Представляла себе все это и презирала себя, когда начинал брезжить холодный утренний свет.
«Никто никогда не узнает», – думала она. Завтра она со своими спутницами и Филиппом уедет, чтобы укрыться в горном замке, а Роланд отправится в Рим, или Венецию, или в другое веселое место. Они снова не встретятся целую вечность, а может быть, и вовсе никогда. Он человек порядочный и не расскажет ни единой живой душе. Унесет эту тайну в могилу. Так почему бы и нет?
Он мужчина. Он ей не откажет.
Знать будет только Господь. И Господь наверняка поймет и простит ее. Ей даже кажется, что именно он устроил эту встречу – ради нее.
«Сделай это. Сделай это. Жалей позже, если уж должна. Но сделай это сейчас, пока еще не слишком поздно. Пока он не исчез навсегда».
Она подняла руку и провела кончиками пальцев по его щеке.
– Да. Полагаю, это и есть прощание.
Она не видела его реакцию, но ощутила ее – щека под пальцами застыла.
Его рука появилась из темноты и накрыла ее ладонь.
– Не прощание, – сказал он. – Мы никогда не попрощаемся, вы и я.
Потом она так и не смогла вспомнить, кто кого поцеловал. Вот они стоят порознь, его рука накрыла ее ладонь на щеке, дыхание смешивается в сыром воздухе, а в следующий миг его губы задевают ее нежно и ласково, а другая его рука ложится ей на затылок, как ребенку.
– Лилибет, – прошептал он. – О, Лилибет.
– Ничего не говори. Ни слова.
Он притянул ее и снова поцеловал, на этот раз как любовник, раздвинув губы, пробуя на вкус, и шелковый его рот пах шампанским и другими запретными вещами. Не в силах больше сдерживаться, она ответила – безоглядно, сплетая с его языком свой язык, сжав ладонями его щеки, прижимаясь к нему всем телом.
Они целовались за все прошедшее время – более шести лет, потерянных для поцелуев, – нежно, и страстно, и снова нежно; он обцеловывал ее лицо, шею и снова возвращался к губам, впитывая ее вздохи.
Каждое его движение, каждая мельчайшая деталь рвали ее душу, словно электрические разряды проходили сквозь тело до кончиков пальцев на руках, на ногах, разжигали искры. «Жива, я жива», – думала она, запуская пальцы в мягкие волны его волос на затылке.
Его руки скользнули ниже. Одна замерла на талии, вторая вопрошающе прикоснулась к верхней пуговице пальто.

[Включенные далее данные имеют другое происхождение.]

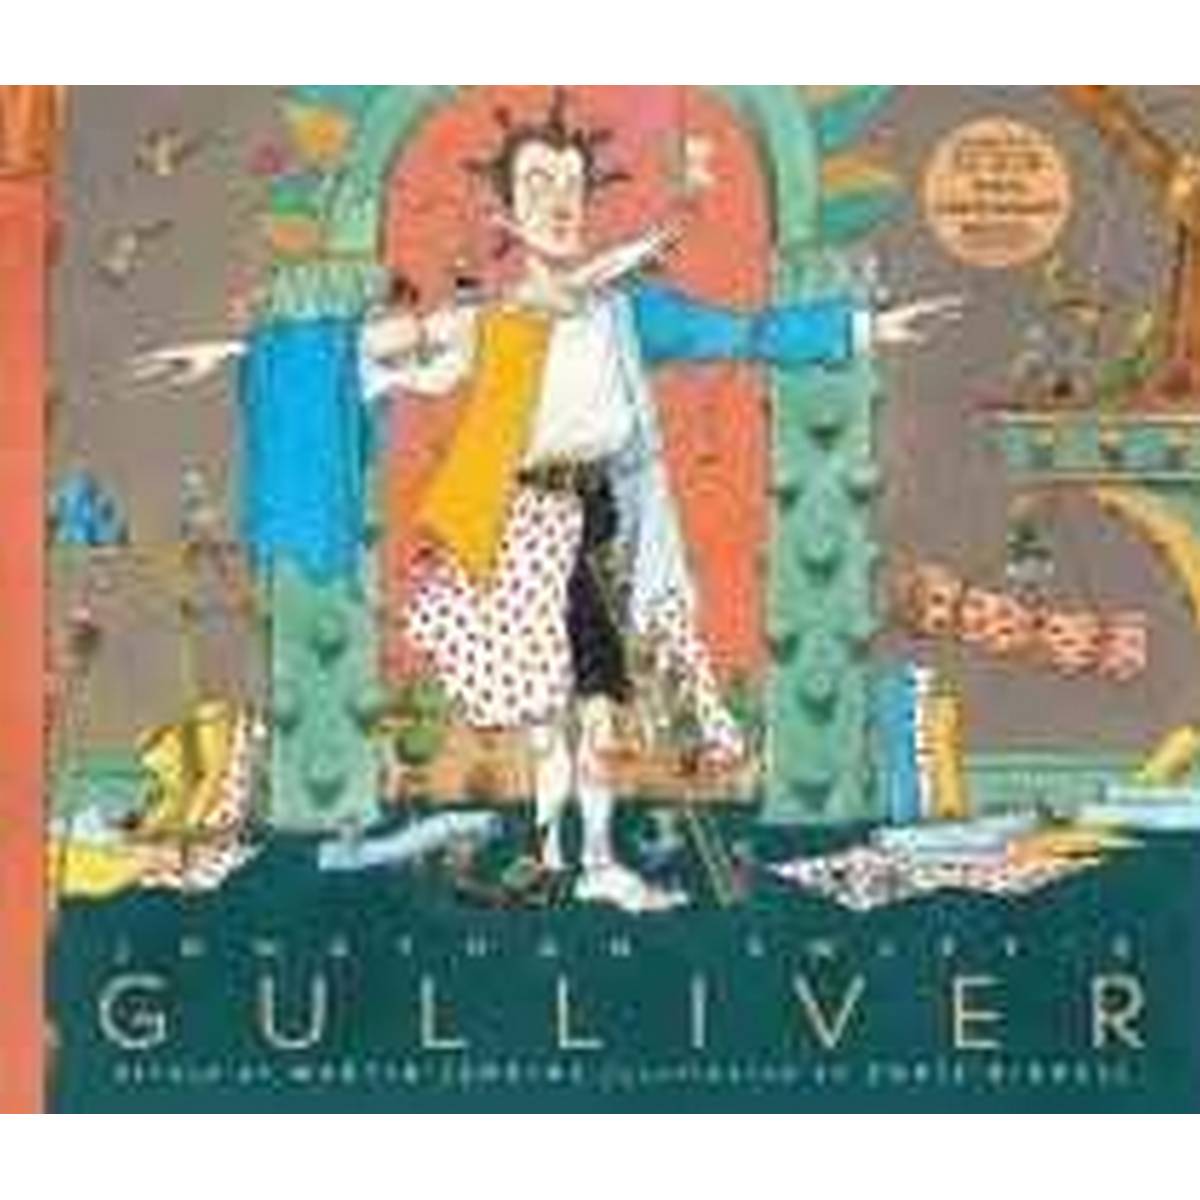 Jonathan Swift's "Gulliver" Illustrated

Она не могла сказать «да», но могла изогнуться, подставляя шею его поцелуям. Могла сама протянуть руки к гладким роговым пуговицам его пальто и начать их расстегивать пальцами, теперь не холодными и онемевшими, а проворными и нетерпеливыми. Могла распахнуть его расстегнутое пальто и сдвинуть его по широким плечам так, что оно упало бы на усыпанный соломой пол с едва слышным шлепком.

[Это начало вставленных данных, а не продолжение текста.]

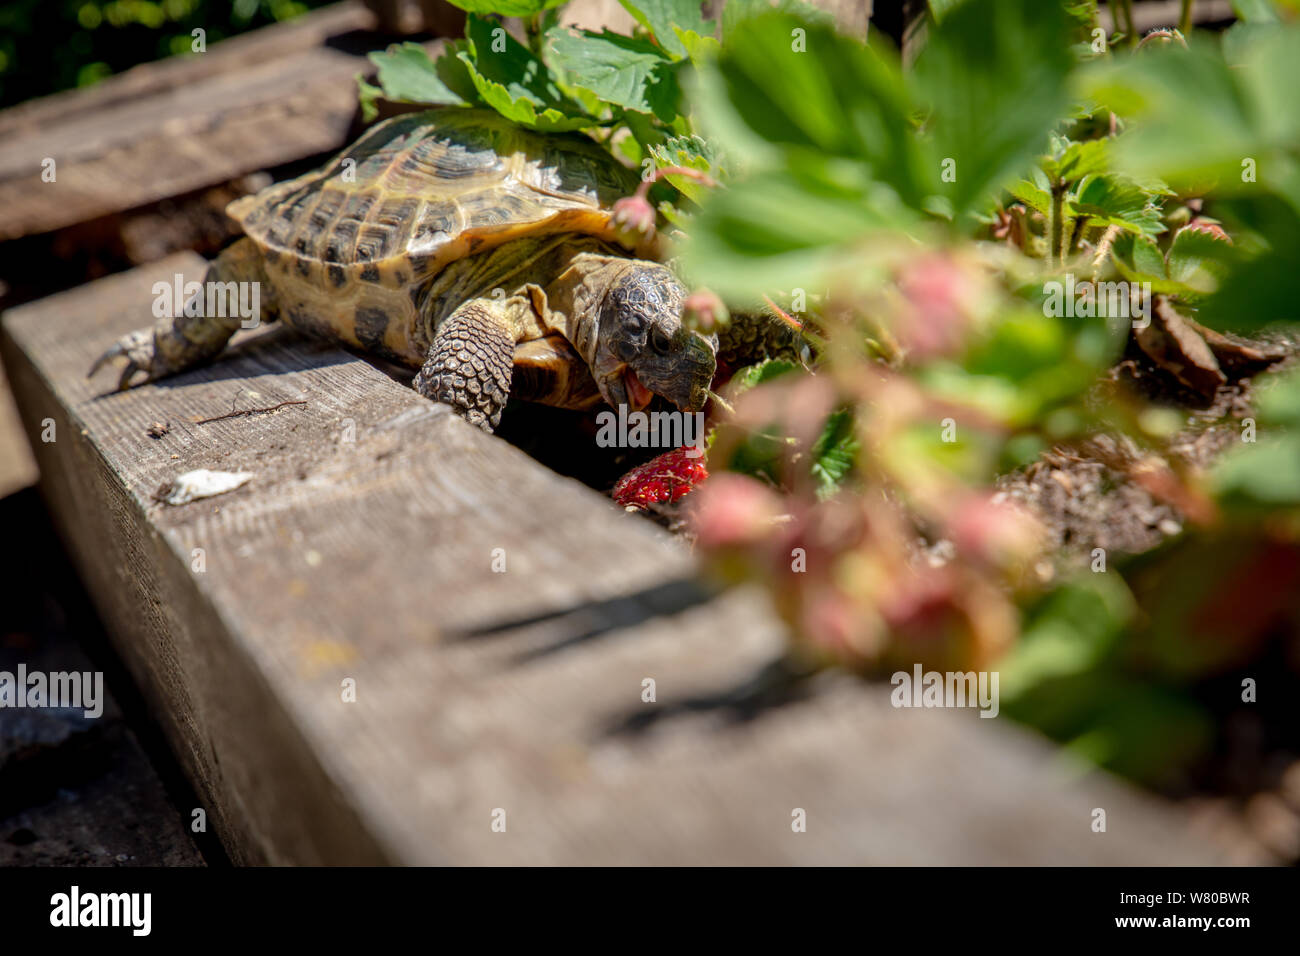 Russian tortoise eating strawberry Stock Photo

Не произнося ни слова, он снова взялся за ее пальто, расстегивая одну пуговицу за другой, опустив голову и согревая горячечным дыханием ее лицо. В ее голове металось множество слов: «милый», и «любовь», и «пожалуйста», и «еще», и «о», – но она удерживала их внутри, сосредоточившись только на Роланде, на его руках, обнажавших ее тело, на его лице, склоненном к ней. Ее глаза, уже привыкшие к темноте, различали его черты в призрачном свете далеких фонарей; она видела, как он наполовину прикрыл веки, словно не в силах был открыть глаза полностью.
Расстегнута последняя пуговица, но он не снял с нее пальто. Его пальцы скользнули обратно к шее, к застежкам жакета, и вот уже распахнуты его полы, и теперь их разделяют только ее белая шелковая блузка и нижнее белье.
Сердце Лилибет отплясывало какой-то сумасшедший ритм, а его ловкие пальцы одну за другой расстегивали пуговки на блузке, вниз, до самой талии, костяшки пальцев задевали ее плоть, по телу бежали мурашки.
Его рука замерла.
– Ты уверена? – спросил он благоговейным шепотом.
Она не могла сказать «да», но могла схватить его руку и направить под шелк блузки; могла начать расстегивать его сюртук, а ее нервы отмечали жаркое движение его пальцев по изгибу груди, под краем корсета. Она могла распахнуть его сюртук, и вытащить рубашку из брюк, и провести ладонями по гладкой коже его груди и живота. Могла запрокинуть голову в безмолвном крике, когда его руки – теперь жадные, дерзкие – высвободили ее груди из корсета и сорочки; когда он упал перед ней на колени и начал сильно их посасывать; когда его язык начал описывать круги вокруг ее сосков. Могла ахнуть, когда его руки отыскали подол платья и заскользили вверх по ноге, а рот продолжал ласкать ее груди, и кожа ее трепетала и пылала, а мысли сменялись как стекляшки в калейдоскопе.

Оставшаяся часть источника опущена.